Recorded data:
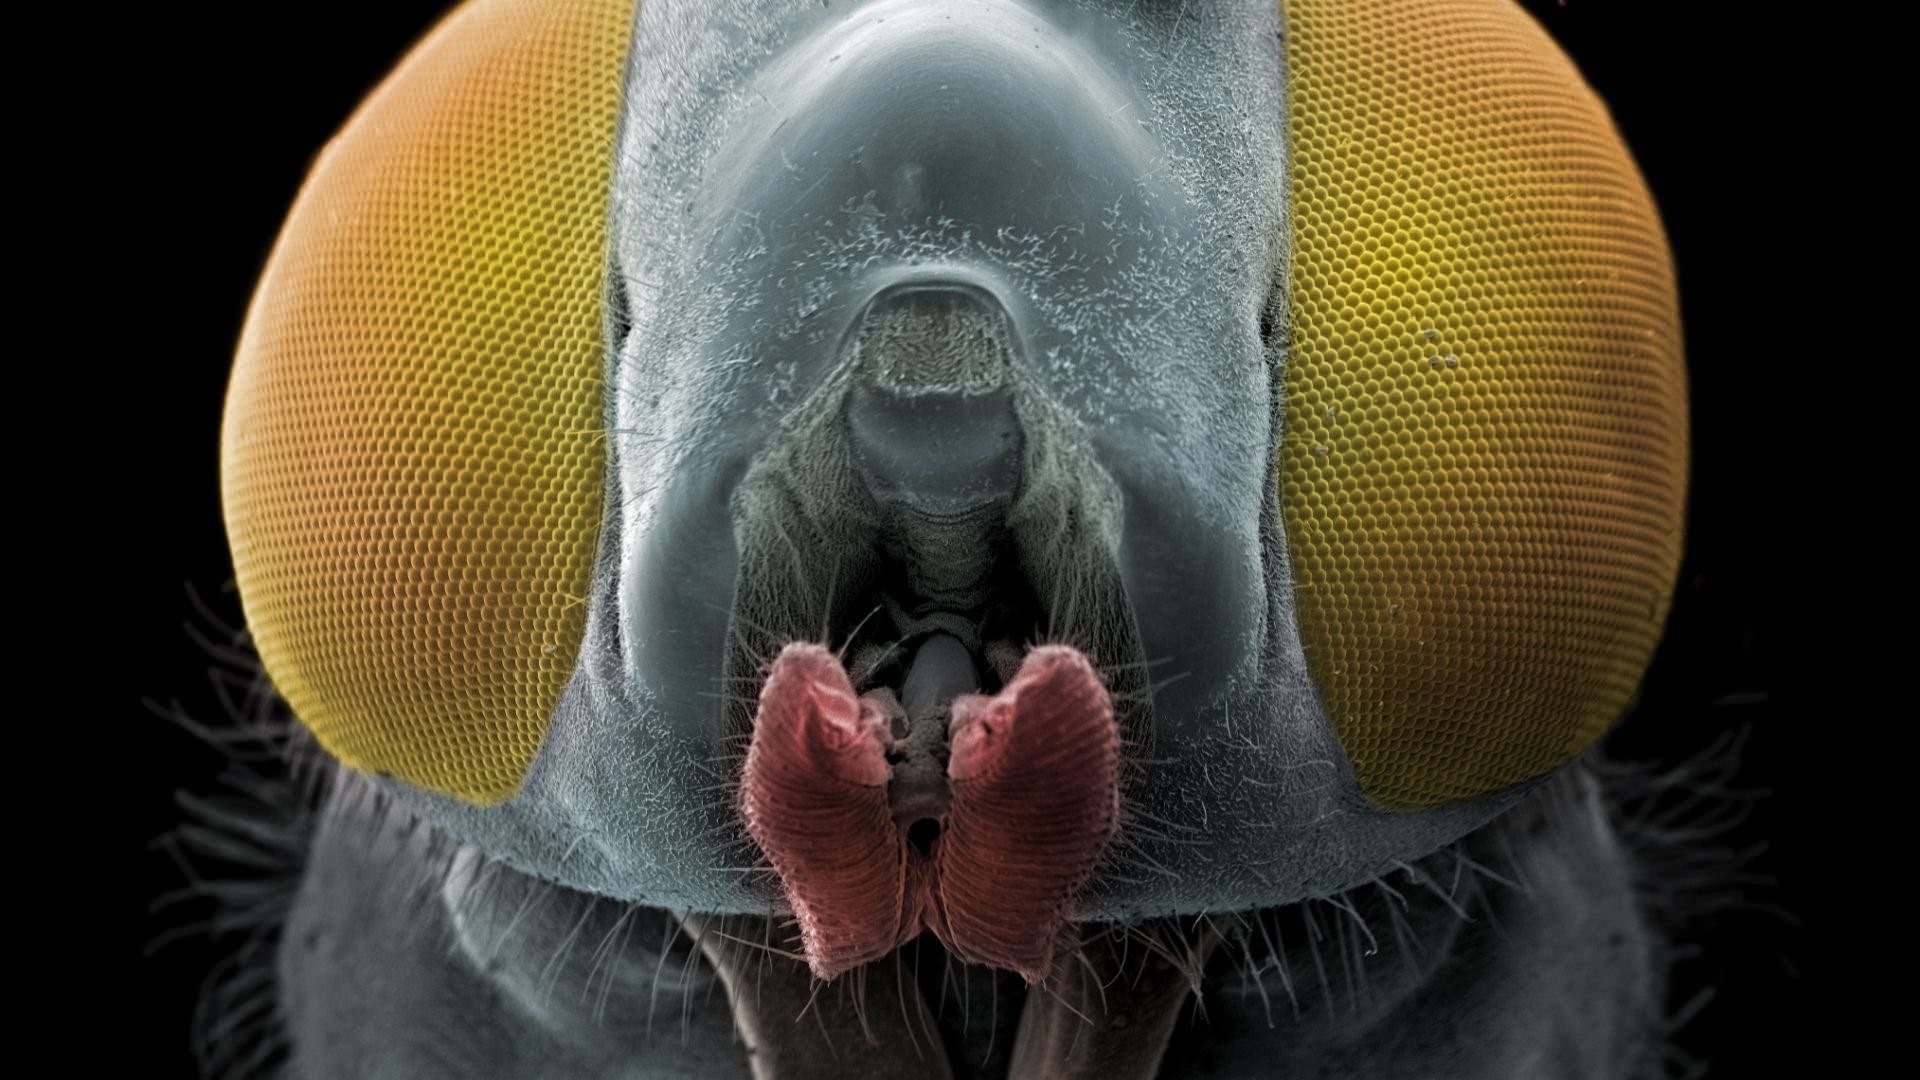 Фото мошки под микроскопом челюсти смотреть
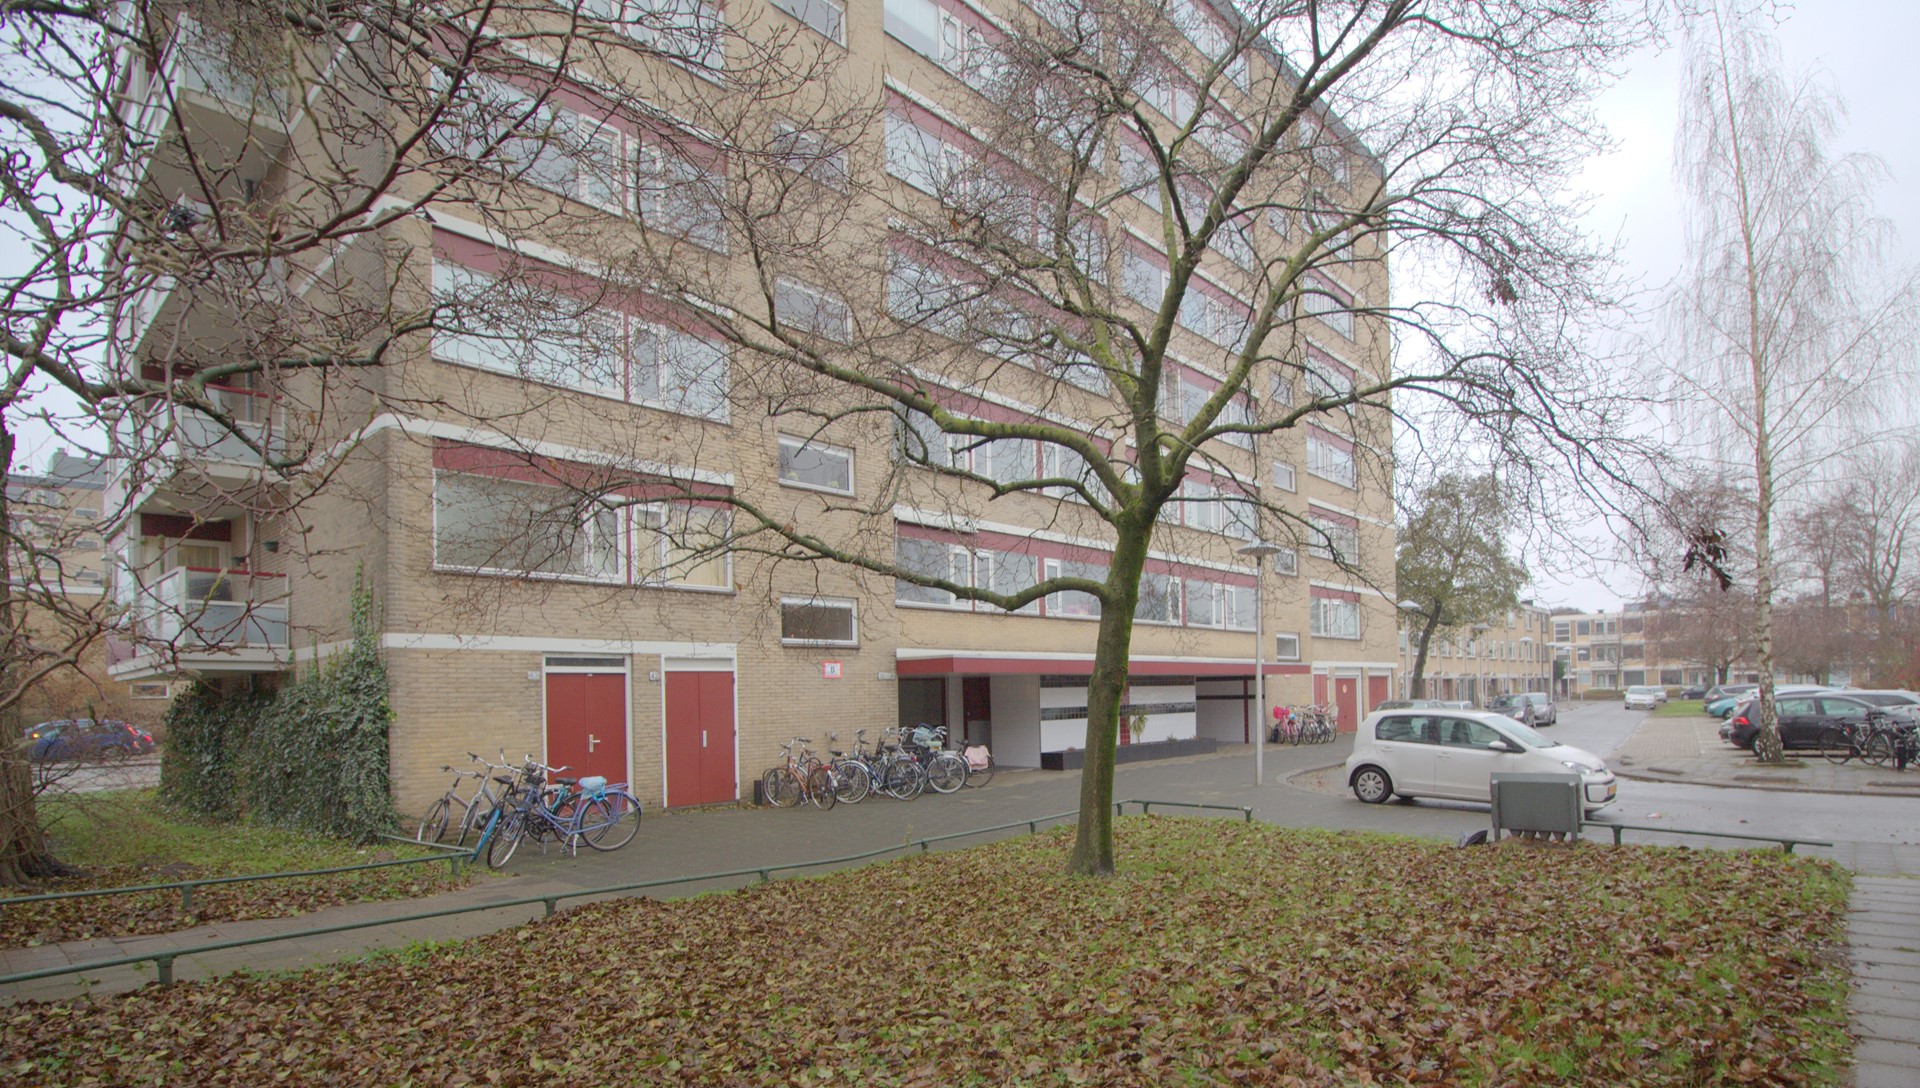 Bekijk foto 1/52 van apartment in Utrecht
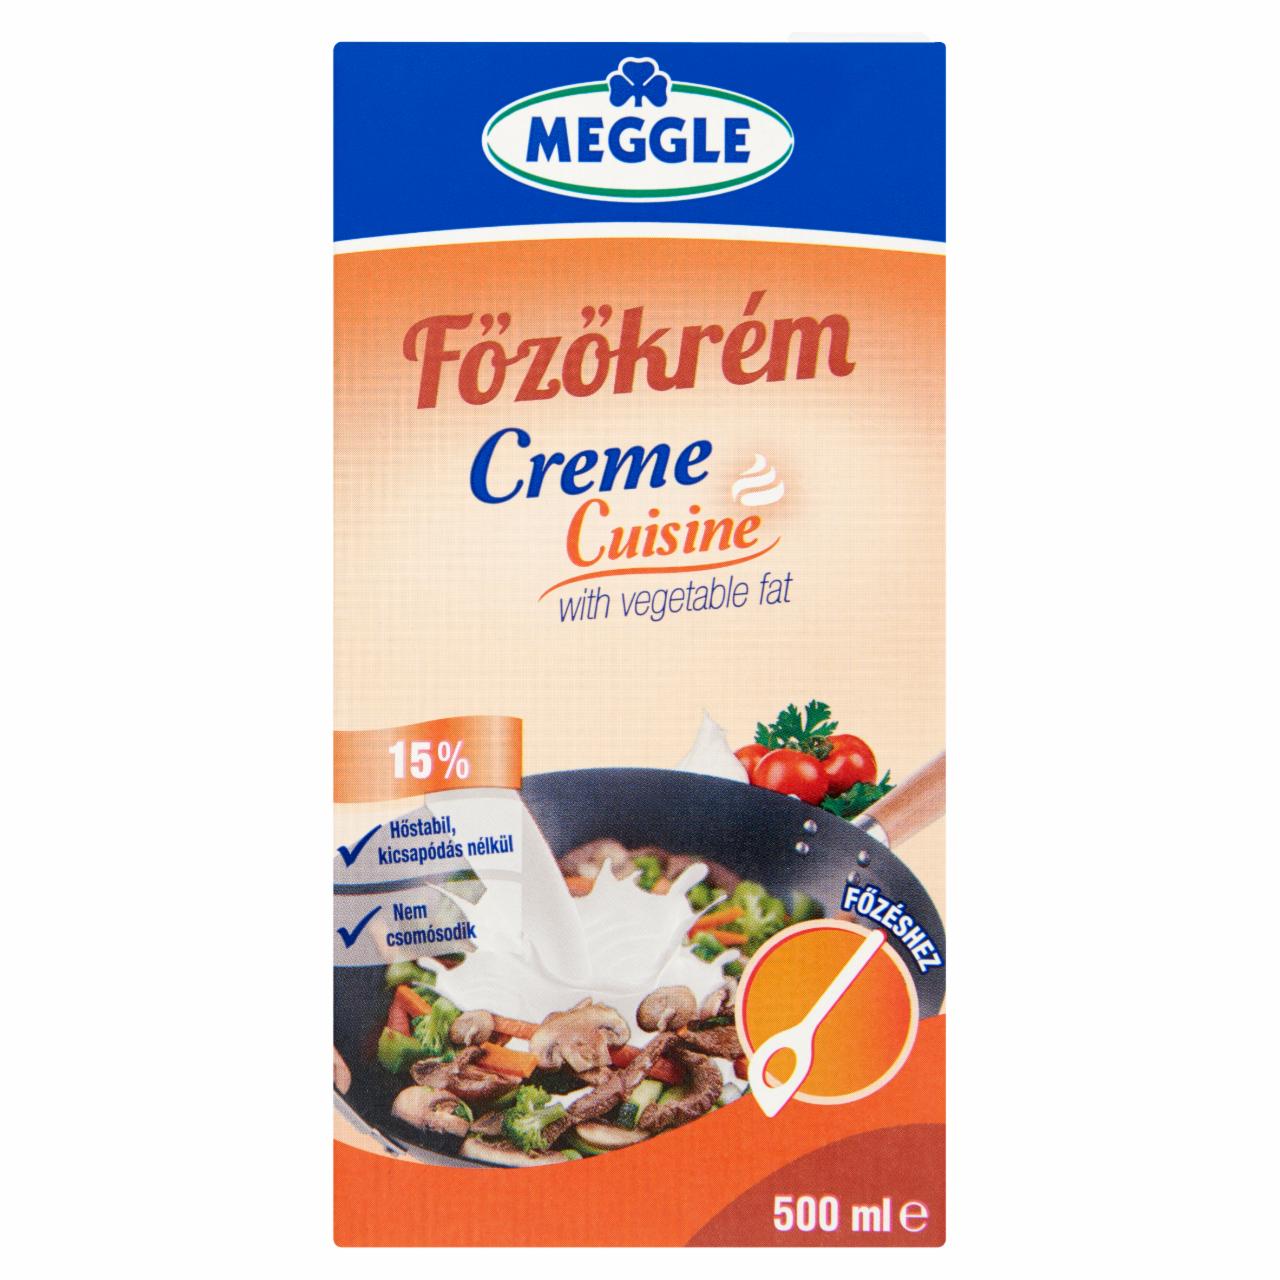 Képek - Meggle Creme Cuisine UHT főzőkrém növényi zsírral 15% 500 ml

What you will do:
Please print the data above once more, exactly as it appears, with no pictures.

Exercise answer:
 Фото мошки под микроскопом челюсти смотреть
 Bekijk foto 1/52 van apartment in Utrecht
 Képek - Meggle Creme Cuisine UHT főzőkrém növényi zsírral 15% 500 ml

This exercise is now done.